This is an interesting sampling or measurement problem that came up in a Discourse thread started by Simon Maskell:

It seems we could look at a number of pre-existing data sources (eg discourse views and contributors, papers, StanCon attendance etc) to inform an inference of how many people use Stan (and/or use things that use Stan). We could also generate new data (eg via surveys etc). Do we know the answer and/or how best to work it out?

The cleanest way to do this would be to start with a list of the population possible Stan users, then survey a random sample of them, ask if they use Stan, and extrapolate to the population. But we can’t do this because no such list exists. We could count Stan downloads, but that’s not Stan users, as we assume that lots of the downloads are automatic, and also people might download Stan and then only use it once, or not at all.

Lauren Kennedy suggests doing a snowball or network sample using contributors to the Stan Forums as a starting point.

Snowball sampling could work. There could be other ideas too. Please offer your suggestions in comments.

Here are my thoughts:

1. A natural first step in any research project is to read the literature. There must be some estimates of the numbers of users of other programming languages such as Python, R, C++, Julia, Bugs, Stata, etc. I don’t know where these estimates come from, but looking at them would be a start.

2. If we’re gonna do a survey to estimate the number of Stan users, it perhaps makes sense to expand the project and simultaneously estimate the number of users of some other programming languages too, both for efficiency (with little more effort we can get information that will be of interest to others) and to get comparisons: comparing the uses different languages in our survey and also comparing our estimates to estimates that have been obtained by others.

3. We should also think about how the survey could be done again in the future. If we have a good estimate of the number of users, we might want to repeat the procedure every year or two to get a sense of trends.

4. How many Stan users are there? What’s a “Stan user”? Does this include users of rstanarm and brms? What about people who only use Stan through Prophet—does that count? Do we want to count every-users or current users? How often must you use Stan to count as a user? What if you took a class that used Stan? Etc.

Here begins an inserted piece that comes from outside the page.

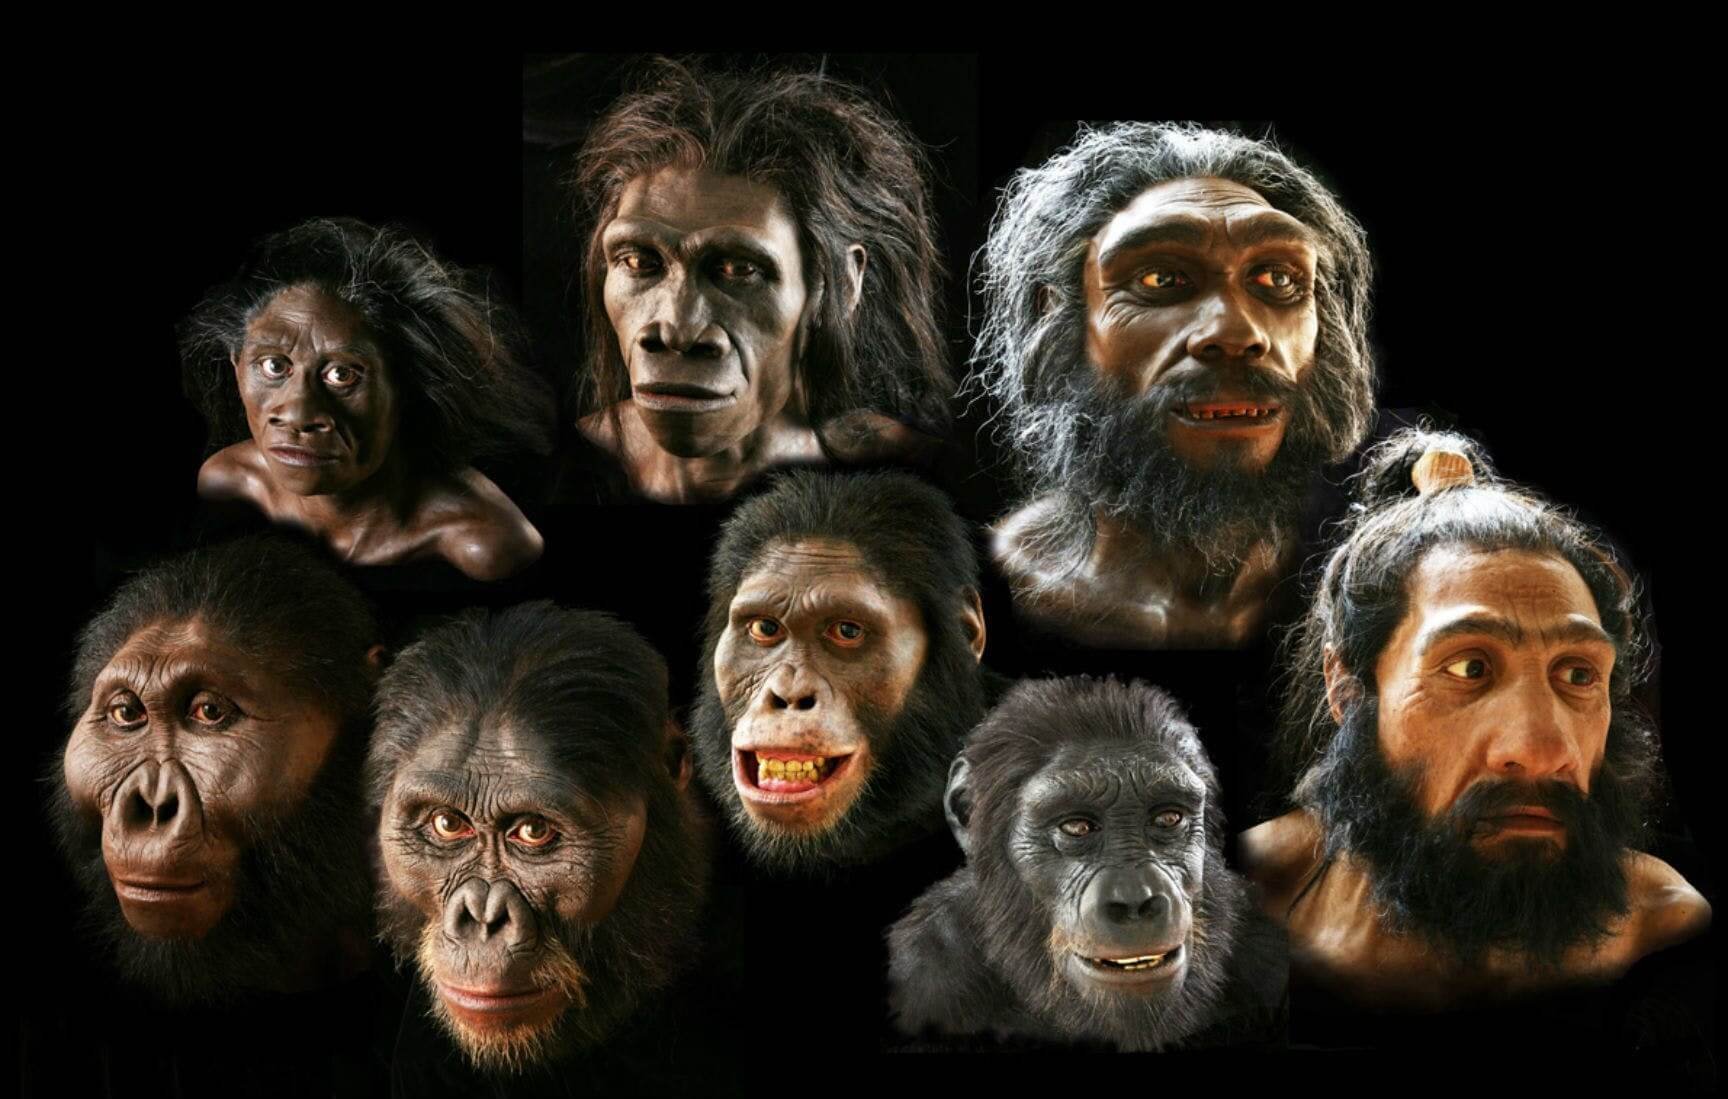 Человек обезьяна название. Эволюция Дарвин хомо. Хомо сапиенс обезьяна. Хомо сапиенс Эволюция женщины. Приматы гоминиды.

The point of this last set of questions is not that we need a precise definition of Stan user, but rather that we should ask a battery of questions to get at mode and frequency of use. Also, we should consider how we might want to summarize and interpret the results: we should think about this before we conduct the survey (rather than doing the usual thing of gathering a bunch of data and then deciding what to do with it all).


  1. Alex says:

    I thought Stack Overflow might have something for you, but it doesn’t look like they asked about Stan

  2. JA says:

    Telemetry is one obvious way to estimate, with the caveat that it would only measure usage of versions after telemetry is enabled,
    and would need to take steps to ensure privacy and account for bias introduced by user opt-in.

    • That would be one way to do it. But not something we wouldn’t even consider even if we could get it by CRAN.

      Though we could ask people to do something like email us if they’re using Stan or ask them to fill out a web form. I think seeding that process and asking the people who fill out the form to ask others to do the same is the “snowball” idea from the original post.

    • Logit says:

      @JA, are you aware of any good and already-existing telemetry data sources that can report on specific software that’s installed on a large sample of PCs? I would think that telemetry data from workplace PCs (and STAN users) would be particularly hard to come by.

  3. Could automated downloads have a different signature than manual ones? (like for example they occur on a precise or repetitive schedule or the software gives a user agent string that’s helpful in the logs?) Maybe you could classify them and at least get a decent estimate to within a factor of 2 or something?

  4. JP says:

    Don’t know why you need to do this, but assuming it is a valid question and in light of the limitations mentioned above. You could do an automated literature search. Presumably, people using Stan would mention it in their academic or corporate research. Downloads and Google searches which Tiobe and Plpy use to publish the most popular languages are meaningless no one I know in SEng trust these surveys.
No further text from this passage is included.